# Cote d'Azur without a Car



## macdebbie (Apr 4, 2010)

We want to trade for Cote d'Azur next year.  I know Club Mougins has gotten decent reviews, but my husband is adamant that he will not drive!  (I don't really balme him).

From what I have read, we would need a car in that location.  Can anyone who has stayed there advise?

Any resorts anyone has stayed at that would not require a car on this coast?  We are fine to what we could bus and train to.  I know we will not be able to see as much, but we only have a week anyway.


----------



## Laurie (Apr 4, 2010)

Have stayed at Le Golfe Bleu in Roquebrune, which wouldn't require a car. We had one, but only used it about half the time - otherwise we walked and used the frequent bus system, the bus stop is almost right out the door. The location was great.

Any resort in Nice or Monaco wouldn't require a car. And any resort in the string of towns right along the coast would probably be fine, since there's really good bus and train service. Going inland is more problematic.

You didn't say what exchange company you're using or hope to use, but check out train and bus route maps, I bet you can find those on google.


----------



## Carolinian (Apr 5, 2010)

Some years ago, I did a trade through DAE for a summer week at Marina Baie des Anges in Villaneuve-Loubet.  It is a Club la Costa resort, that also used to trade through RCI, but does not anymore.  However, there are two resorts that do trade through RCI in the same complex, Club Vacances #1 and Club Vacances #6.

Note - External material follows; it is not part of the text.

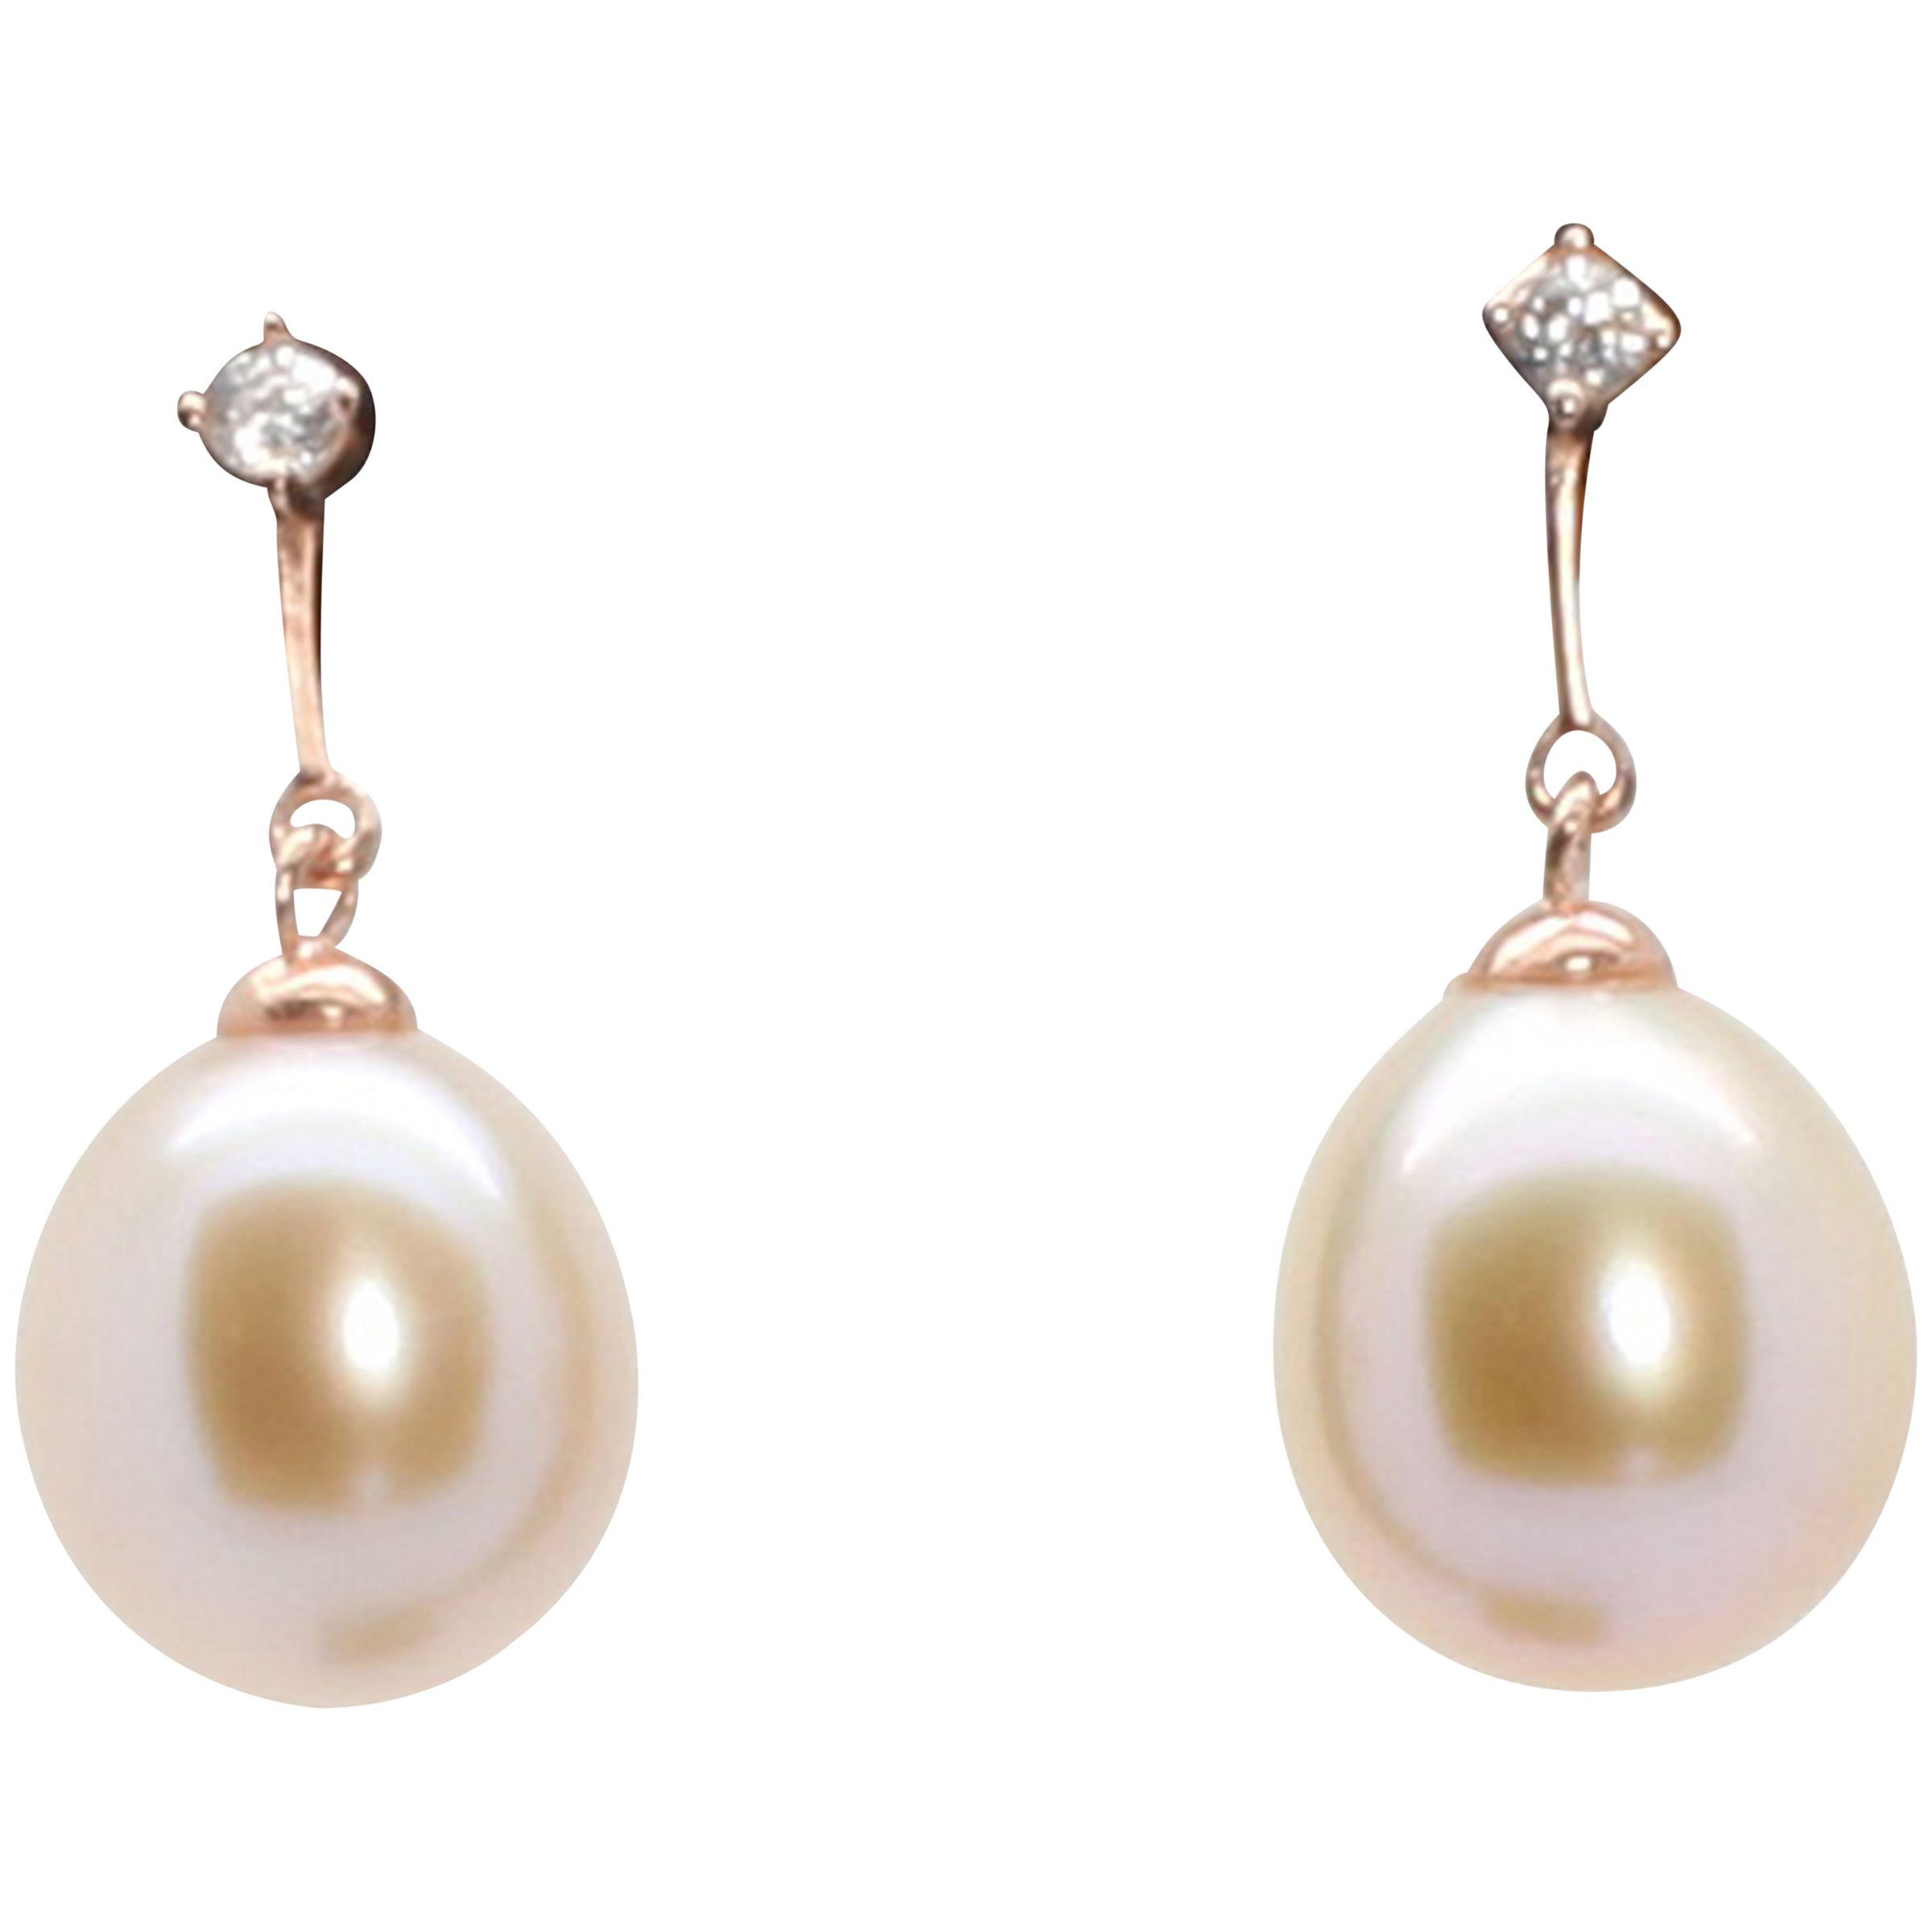 Lido Pearls Lido Pearls Oval Rice Freshwater Pearl Cubic Zirconia Stud Drop Earrings

This was a great location for getting around without a car, as there was a halt for the local coastal train less than half a block from the resort.  The local trains were frequent and cheap and a much better way to get around than the bus. The only major destination on the Cote d'Azur that was not reachable by train was St. Tropez, but you could get near enough to it by train, to then take a ferry or a bus the rest of the way.


----------



## macdebbie (Apr 5, 2010)

We have reosrts which are both II and RCI so I can use either for the trade, though it appears that RCI has better picks in Europe?


----------



## Carolinian (Apr 6, 2010)

macdebbie said:


> We have reosrts which are both II and RCI so I can use either for the trade, though it appears that RCI has better picks in Europe?



DAE will probably take your resorts as a deposit.  They have free membership and a request first system.  It would pay to put in a request with them.  Occaisionally I have seen the Cote d'Azur availible online with them, but the best bet is getting them to go through their trading partner Club la Costa to get a week a Marina Baie des Anges, which is what I did.  While Donita Cilch was with them, she had a great relationship with Club la Costa and got me one of their summer UK canalboats as well as the Riviera.  Of their current staff, I am not sure who to refer you to.  Since I moved to Europe, I now use the UK office rather than the US one.


----------